A look at how Internet-age companies are partnering with AI startups for (1) research, (2) distribution, and (3) hardware.
Why? Because large companies can’t innovate the way startups can.
Slow product cycles from layers of bureaucracy
Extreme reputation risk (when things inevitably go wrong)
Disruption to existing business models (e.g., Search)
Distribution to a small but important new audience (e.g., LLM builders)
Incentives to make risky bets (e.g., startup equity)
Research
While all these companies have research organizations (Google researchers wrote the Transformers paper), there’s an inherent risk to productionizing these models. They could output incorrect, biased, or otherwise damaging information. They might train on the wrong data or bring up privacy concerns (a death sentence for companies already under intense public scrutiny). The startups gain some proprietary distribution for their models, but most importantly, access to the hardware and cloud resources they need to train foundational models.
Distribution
Distribution is all you need (right?). These companies defined distribution, so why would they need partners? While the field is still nascent, it’s essential to get the technology into the hands of the right people. That means (1) developers, (2) startups building the next big thing (3) and data scientists and machine learning practitioners. Startups that are hyper-focused on creating a dense community of these personas can beat the hyper-scaled companies that have to do everything. The partners can then access the foundational models and state-of-the-art research (e.g., OpenAI Codex / GitHub Copilot) to build differentiated products.
Hardware
Right now, access to GPUs is scarce. Startups fight to request quota on the cloud providers (and others, building their own data centers). At the lowest level, many of these models are tightly coupled to the underlying hardware, and I believe we’ll only see more application-specific chips (read: transformer-optimized architectures). Cloud hyper-scalers have started building this ability over the last few years, and Google and Apple have done so via chips for mobile. Even Meta has built out this capability with its partnerships in VR headsets. For what it’s worth, Meta has also worked to abstract the underlying GPUs (re: commoditize) out of PyTorch.

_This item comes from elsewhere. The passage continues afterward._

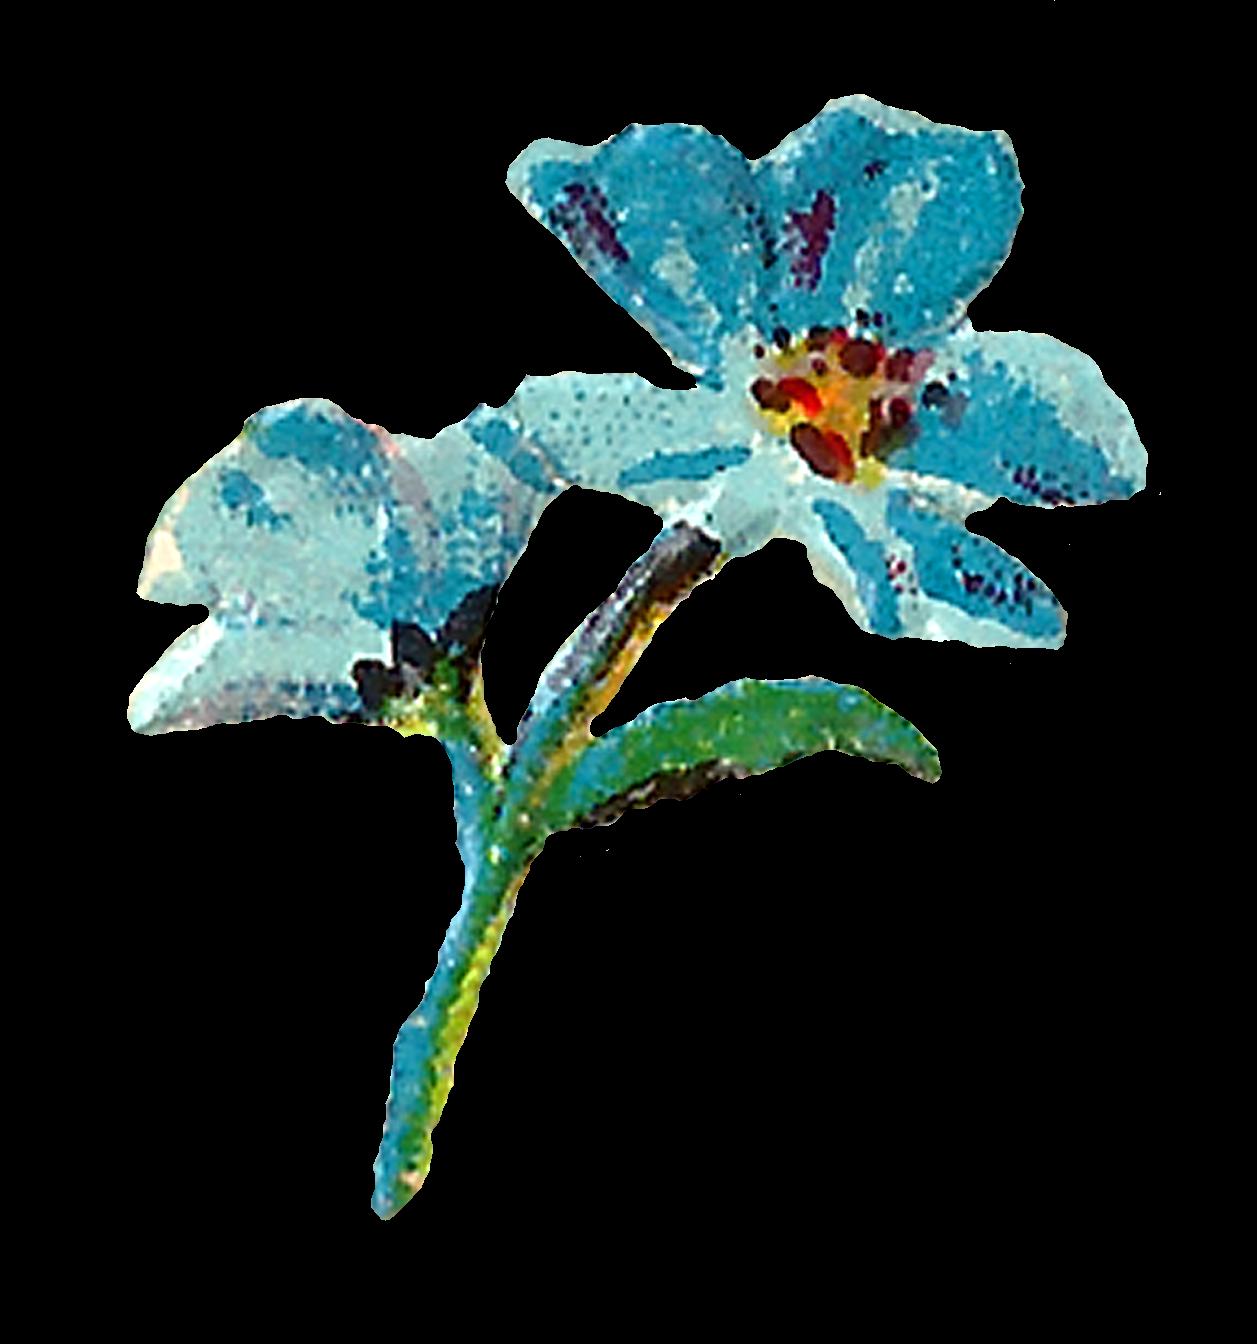 Teal watercolor flower clipart vector download Antique Images: Pastel Floral Clipart Digital Flowers Pink Blue ... vector download

I left NVIDIA out of this, as it seems like they aren’t restricting themselves to a single cloud provider and are even moving up the stack via open-source.
Hey Matt, great post as always. I would like to know your thoughts on model defensibility. Right now, it seems everyone is focused on creating InstructGPT like responses via finetuning open source models and I am curious whether you think it's a fad or something that can actually threaten proprietary models.